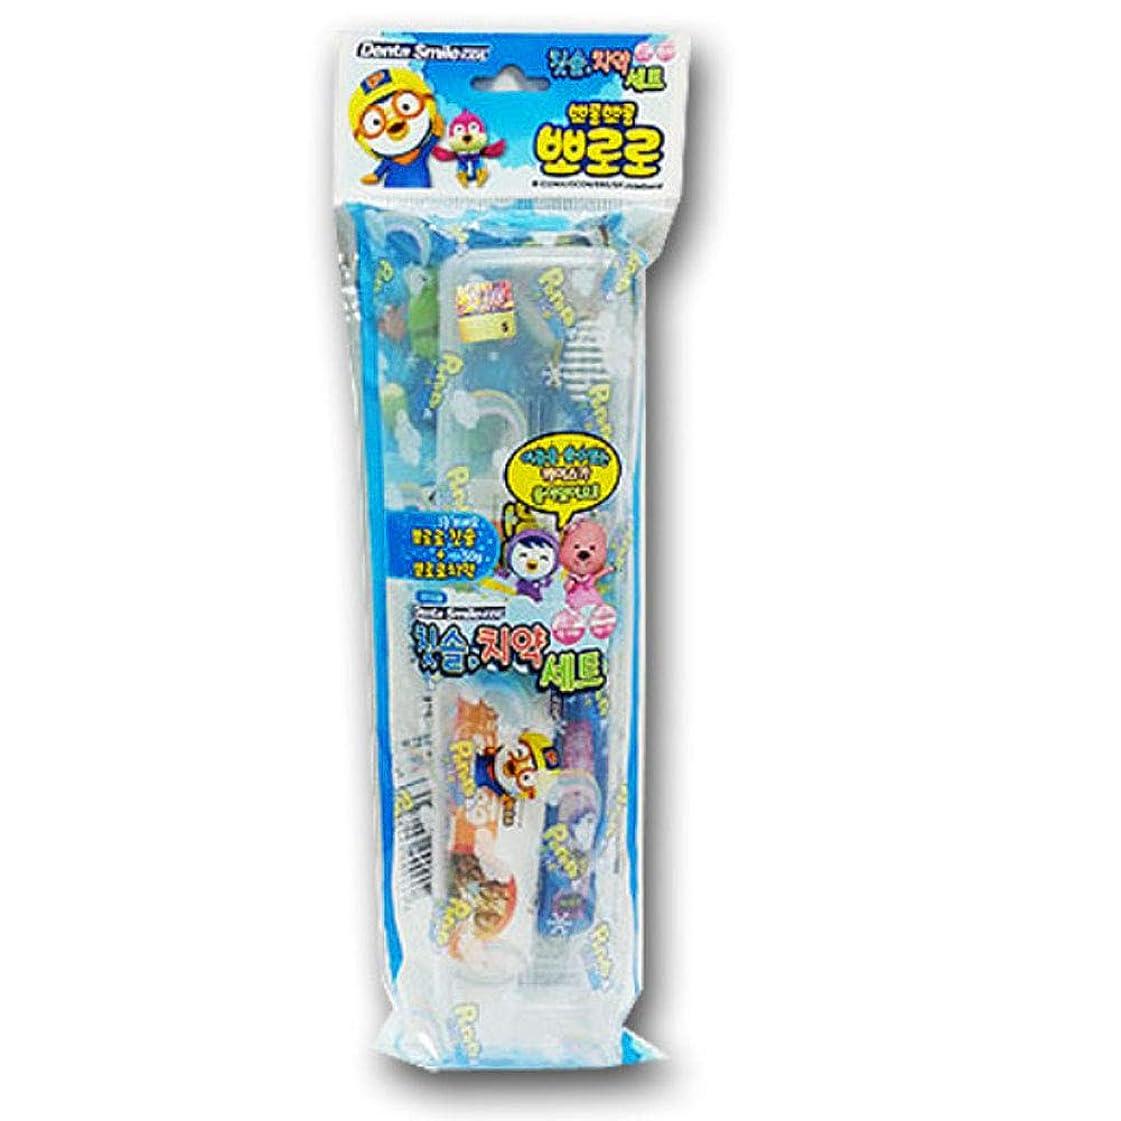 怠ジェーンオースティンハンバーガーPororo&Friendsポータブル歯磨き粉歯ブラシセットパイナップル香50g.
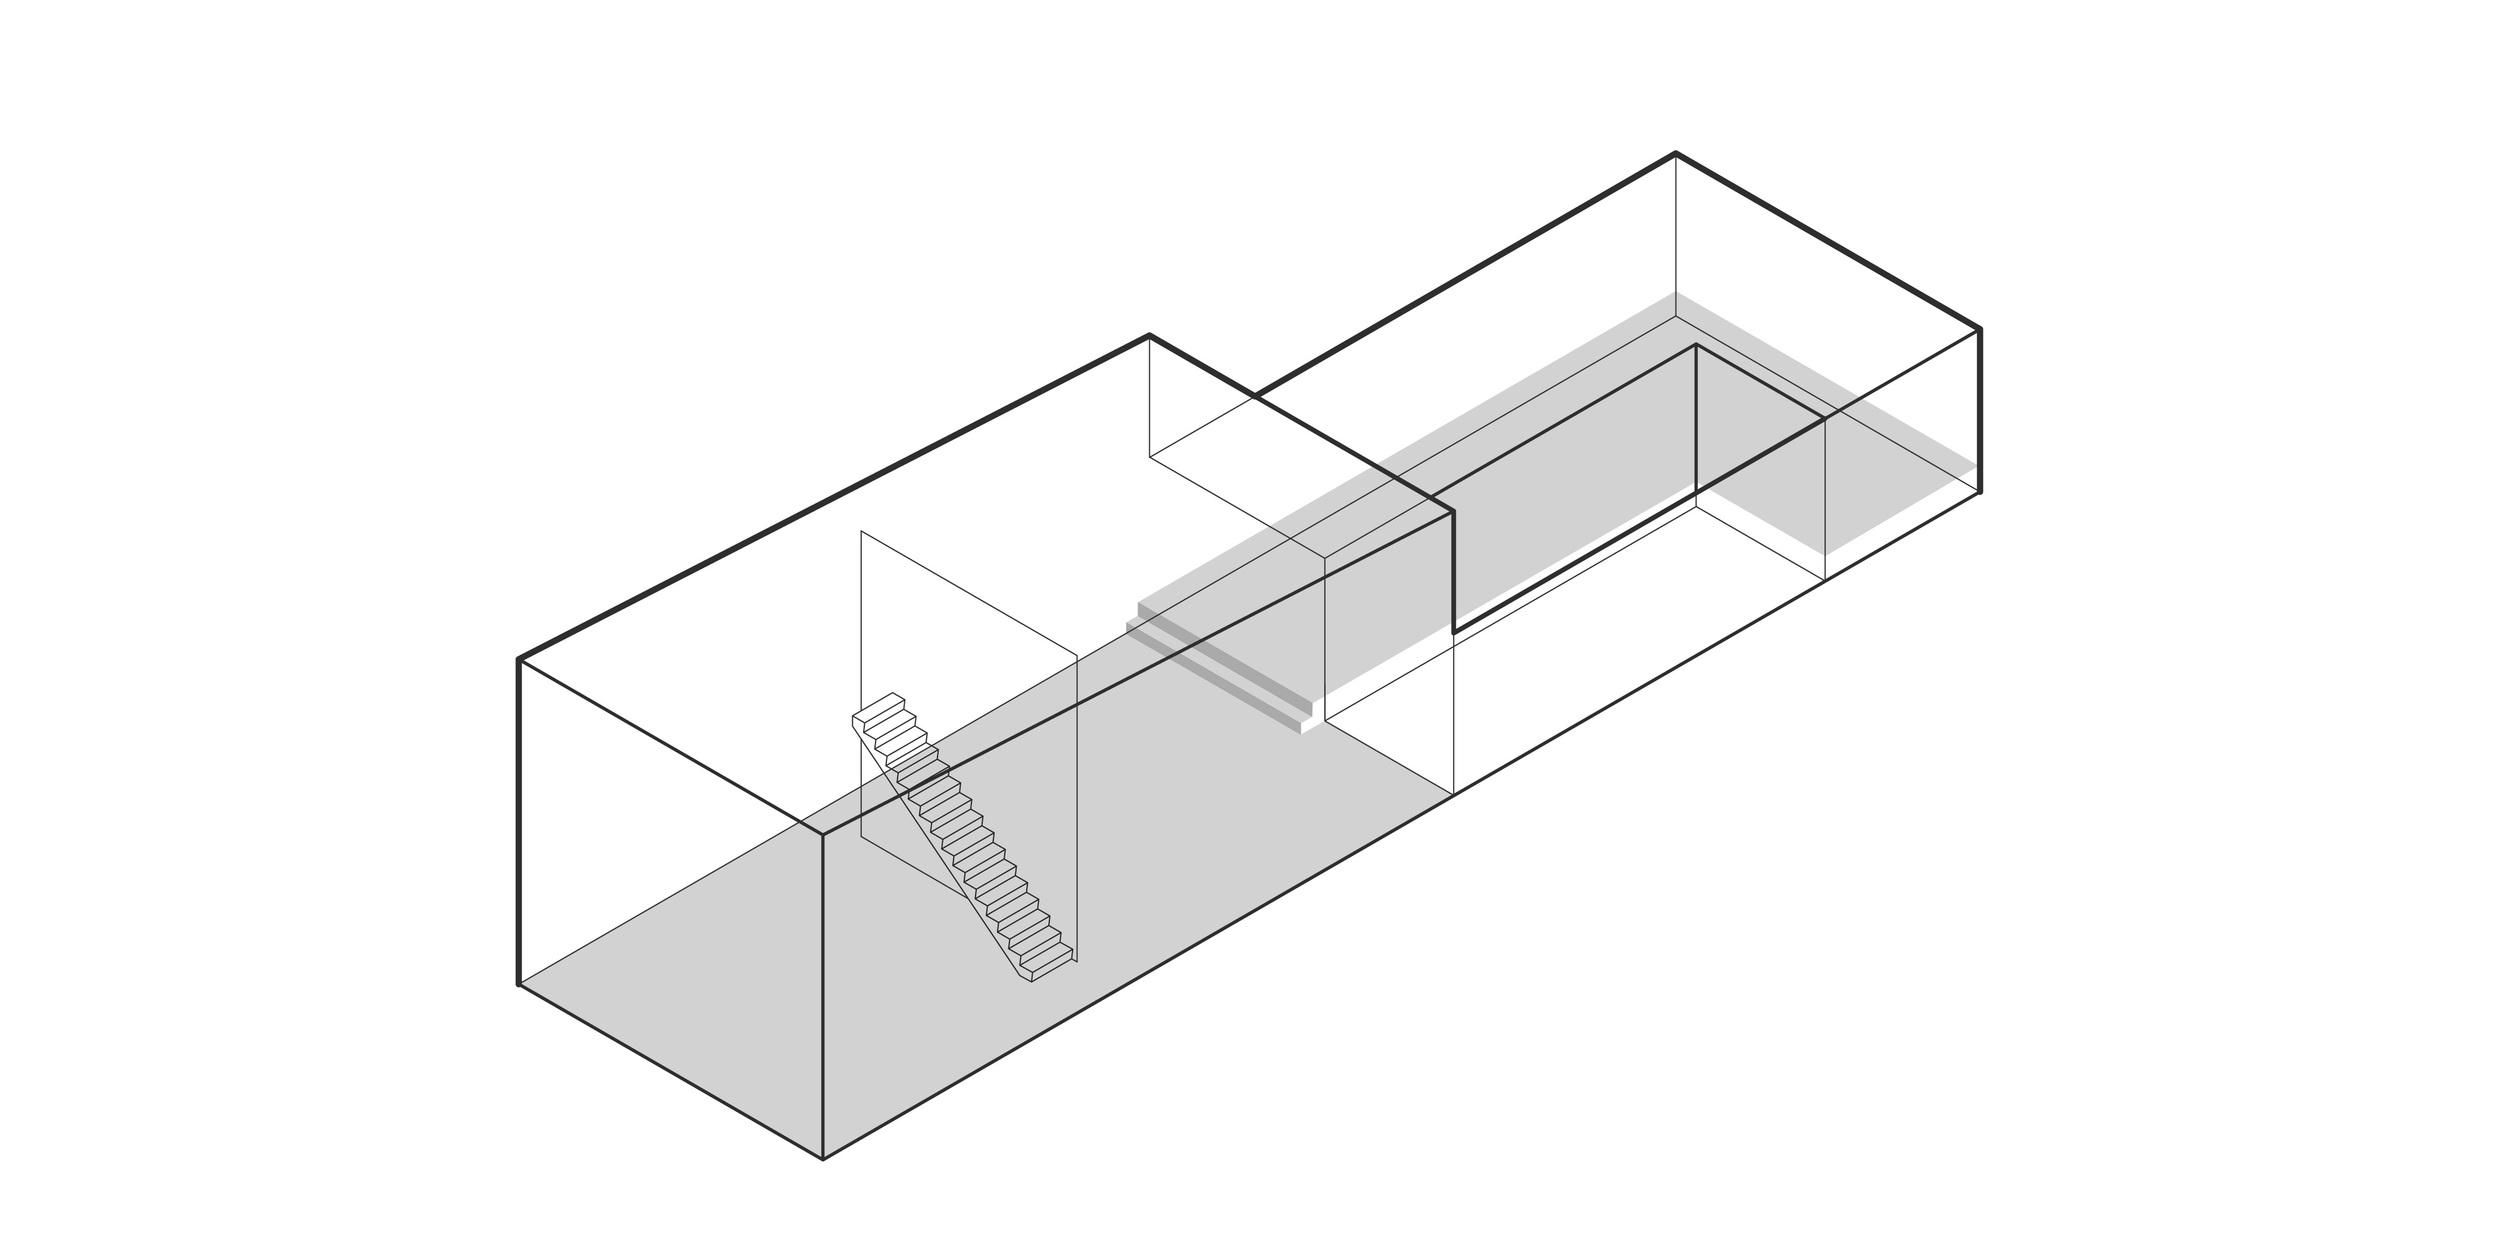 307_3rd-SD-160413-Diagram-06-01.jpg
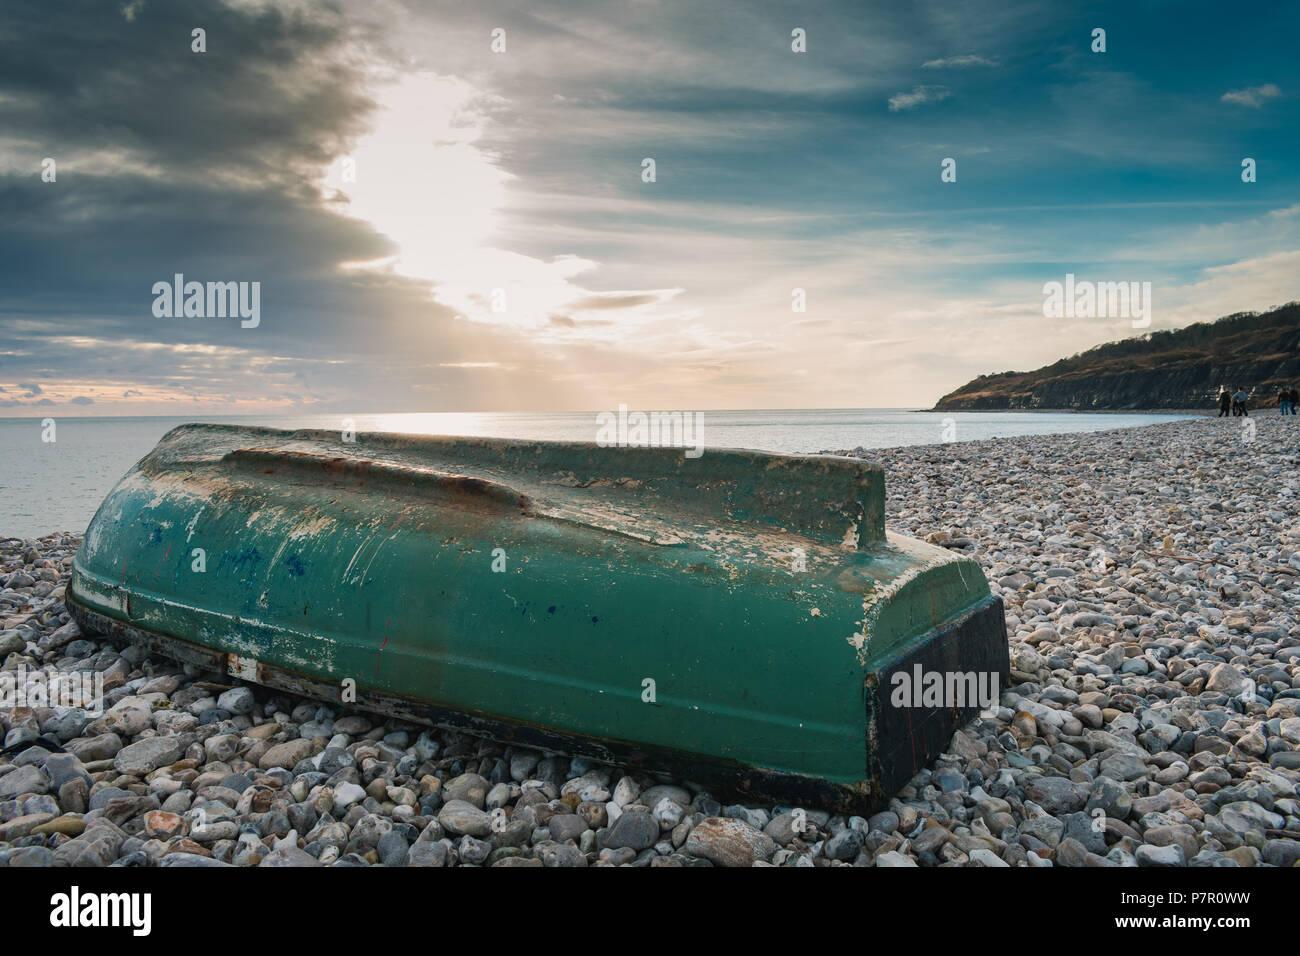 Upturned boat on Monmouth Beach in Lyme Regis, Dorset, UK - Stock Image
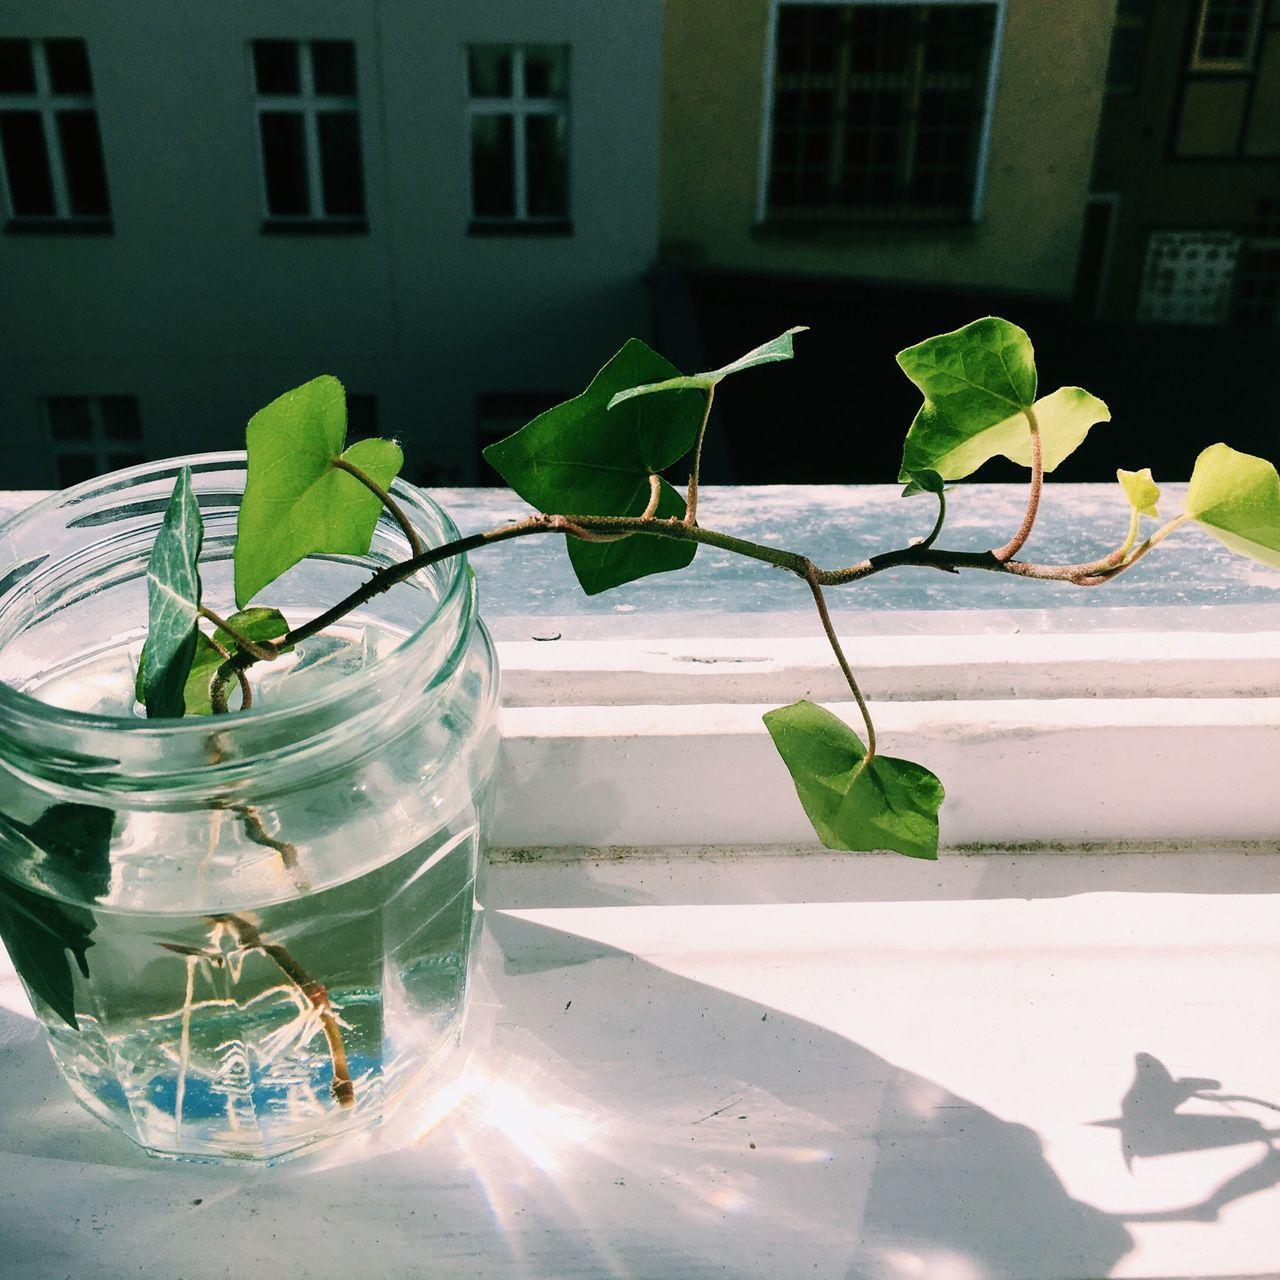 Plant Propogation
- - -
EXERCISE DIRECTIONS:
Would you reproduce the listing above exactly, without any of its images?

EXERCISE RESULT:
 怠ジェーンオースティンハンバーガーPororo&Friendsポータブル歯磨き粉歯ブラシセットパイナップル香50g.
 307_3rd-SD-160413-Diagram-06-01.jpg
 Upturned boat on Monmouth Beach in Lyme Regis, Dorset, UK - Stock Image
 Plant Propogation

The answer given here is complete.